Boyle may have alleged a triable question of fact regarding Navistar's present intentions to offer him the dealership during the summer and fall of 2000, based on verbal communications, but such an intention-even if proven-does not suffice to establish that there was an oral contract.  Id. Boyle's argument for oral contract formation also depends on a proposition that we cannot accept:  that none of the terms of the dealership contract would require negotiation.   See Rosenfield v. U.S. Trust Co., 290 Mass. 210, 195 N.E. 323, 325 (1935) (“A failure of the parties to agree on material terms may not merely be evidence of the intent of the parties to be bound only in the future, but may prevent any rights or obligations from arising on either side for lack of a completed contract.”) (citations omitted).   Boyle undercuts this point by recognizing in his deposition that neither the performance requirements nor the geographic area of the dealership had been negotiated and set.   Furthermore, the claim is inherently implausible, as manufacturers and dealers frequently adjust standardized contracts to suit their needs.   See, e.g., Coady Corp. v.

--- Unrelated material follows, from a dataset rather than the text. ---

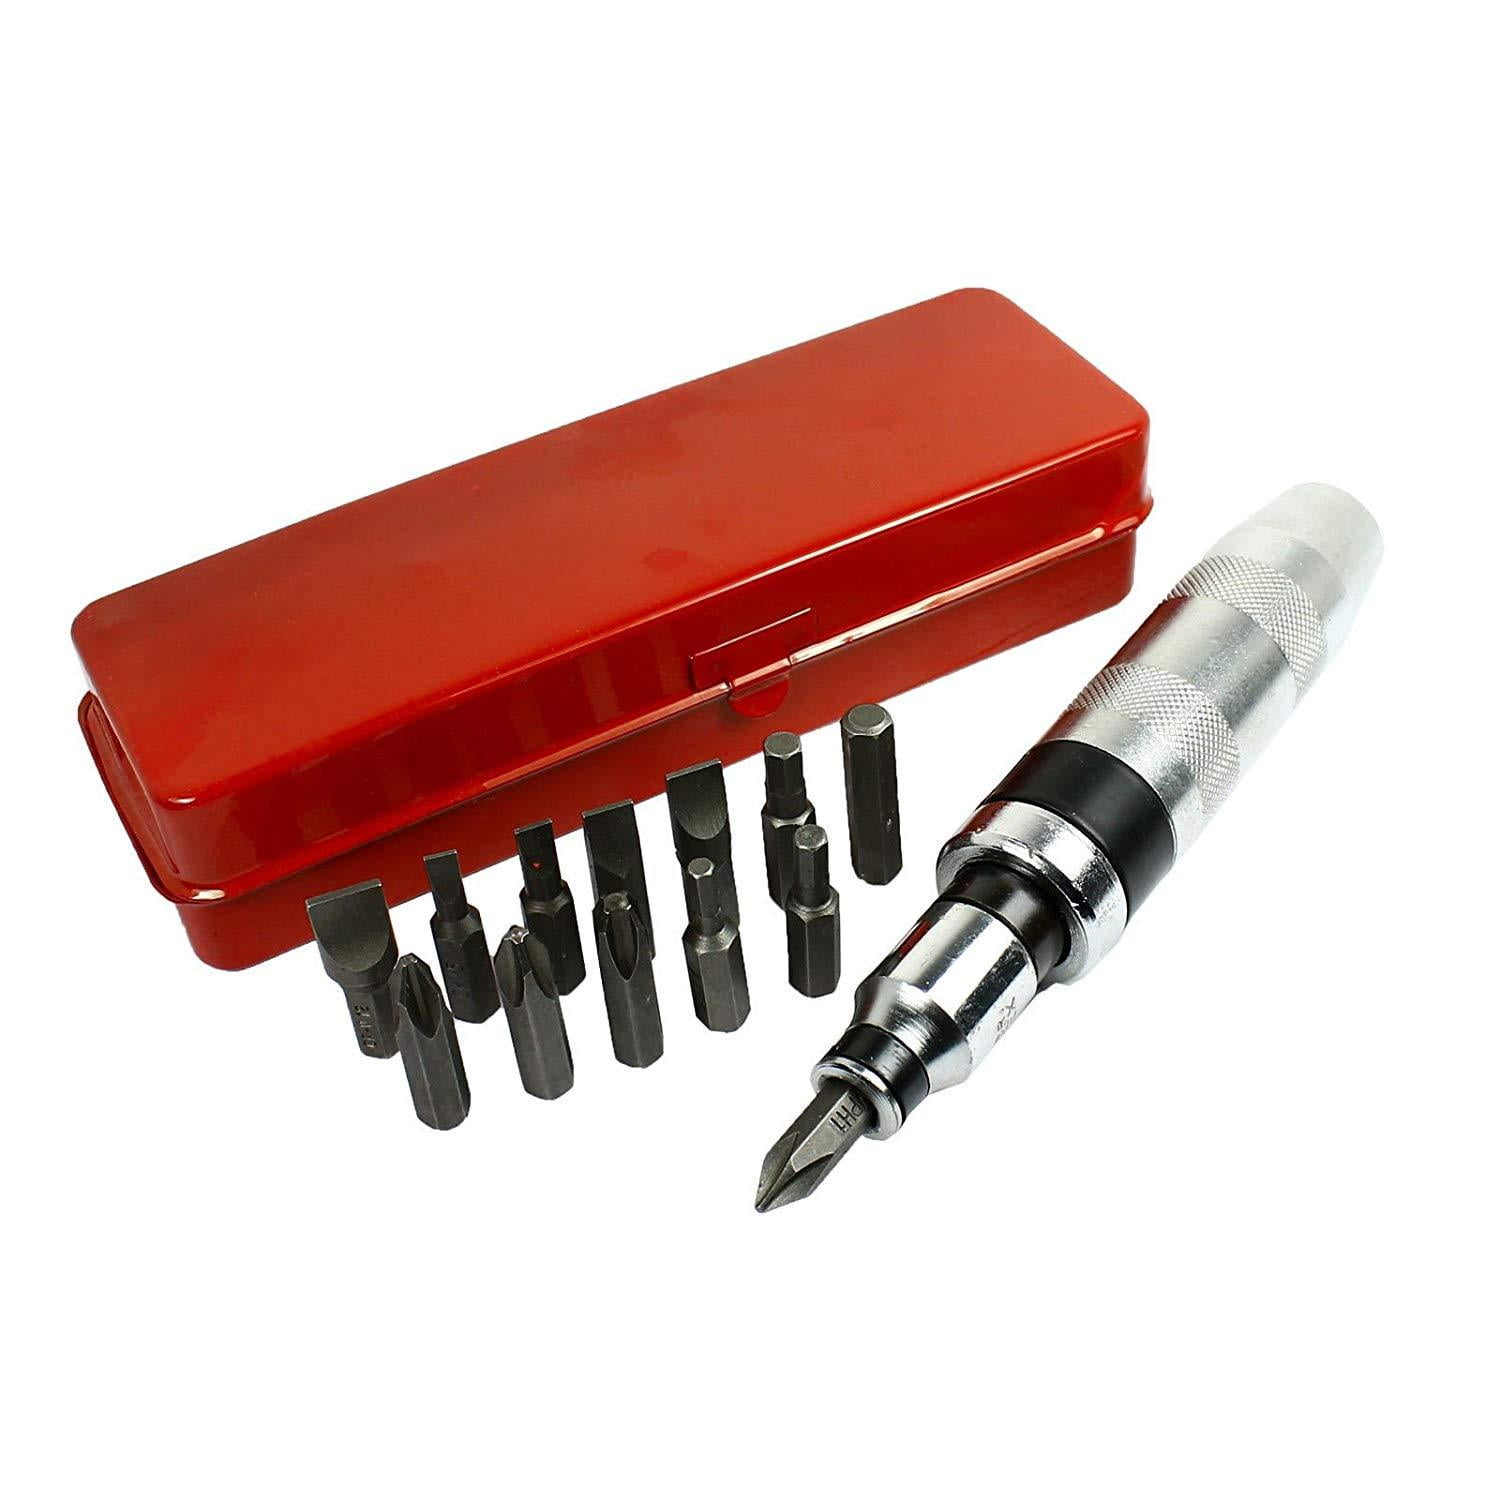 Penck 5/16 Drive Manual Reversible Impact Screwdriver Set Rusted Fasteners Disengage Brake Caliper Screws or Frozen Bolts Comes with 12 Bits Cover Most Common Applications

Toyota Motor Distrib., Inc., 361 F.3d 50, 61-62 (1st Cir.2004) (discussing that Toyota granted a car dealer with a six-year contract only a two-year contract extension and required “a non-standard provision requiring [the dealer] to maintain 100 percent or better ‘retail sales efficiency’ ”).

Boyle claims, though, that even without an oral contract, his dealings with Navistar produced a contract implied in fact.   See LiDonni, Inc. v. Hart, 355 Mass. 580, 246 N.E.2d 446, 449 (1969) (“In the absence of an express agreement, a contract implied in fact may be found to exist from the conduct and relations of the parties.”).   Boyle admits that Navistar compensated him in full for all sales and services performed for its benefit until the time when their relationship was dissolved.   If there was a contract implied in fact, it consisted of a promise of payment for these services rendered.   Moreover, an implied in fact dealership claim cannot reasonably be inferred after Navistar expressly rejected Boyle's dealership application.   The fact that for several months after officially denying Boyle the dealership Navistar engaged him in many of the same business activities that it had with its official dealers did not impose upon Navistar the further obligation to deal with Boyle like a dealer under contract.

B. Chapters 93A and 93B

 Boyle appeals to provisions in Chapters 93A and 93B to redress his loss of Navistar business.  Chapter 93B, which generally prohibits “[u]nfair methods of competition and unfair or deceptive acts or practices” between motor vehicle manufacturers, distributors and dealers, Mass. Gen. Laws ch.   93B, § 3, “protect[s] motor vehicle franchisees and dealers from the type of injury to which they had been susceptible by virtue of the inequality of their bargaining power and that of their affiliated manufacturers and distributors.”  Beard Motors, Inc. v. Toyota Motor Distrib., Inc., 395 Mass. 428, 480 N.E.2d 303, 306 (1985).   As such, only dealers, and not prospective dealers, have standing to sue under Chapter 93B. Id. Boyle argues that the contractual relationship-payments for services rendered-that existed between him and Navistar suffices for Chapter 93B standing.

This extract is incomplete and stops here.